A Bayesian Unification of Self-Supervised Clustering and Energy-Based Models

Self-supervised learning is a popular and powerful method for utilizing large amounts of unlabeled data, for which a wide variety of training objectives have been proposed in the literature. In this study, we perform a Bayesian analysis of state-of-the-art self-supervised learning objectives, elucidating the underlying probabilistic graphical models in each class and presenting a standardized methodology for their derivation from first principles. The analysis also indicates a natural means of integrating self-supervised learning with likelihood-based generative models. We instantiate this concept within the realm of cluster-based self-supervised learning and energy models, introducing a novel lower bound which is proven to reliably penalize the most important failure modes. Furthermore, this newly proposed lower bound enables the training of a standard backbone architecture without the necessity for asymmetric elements such as stop gradients, momentum encoders, or specialized clustering layers - typically introduced to avoid learning trivial solutions.
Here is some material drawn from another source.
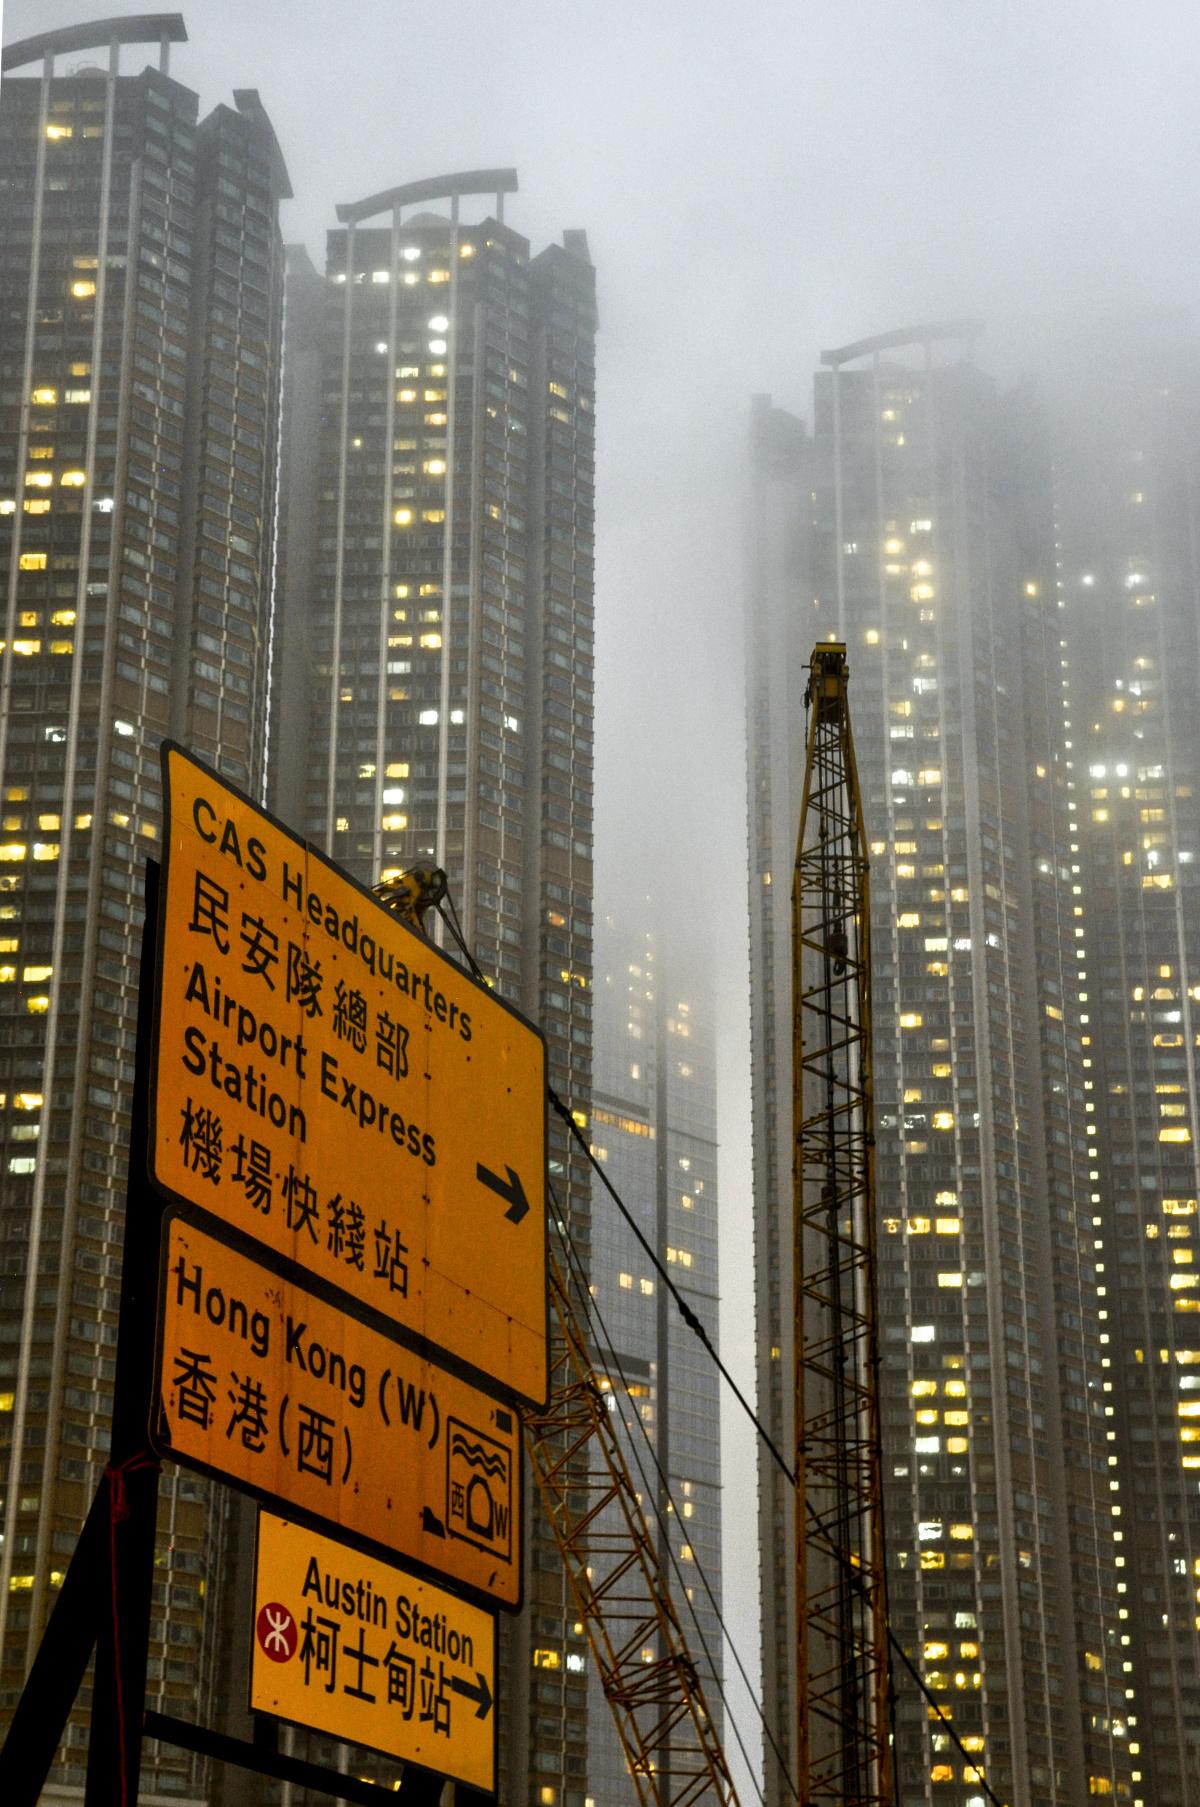 To Austin Station, Hong Kong

Our theoretical findings are substantiated through experiments on synthetic and real-world data, including SVHN, CIFAR10, and CIFAR100, thus showing that our objective function allows to outperform existing self-supervised learning strategies in terms of clustering, generation and out-of-distribution detection performance by a wide margin. We also demonstrate that GEDI can be integrated into a neural-symbolic framework to mitigate the reasoning shortcut problem and to learn higher quality symbolic representations thanks to the enhanced classification performance.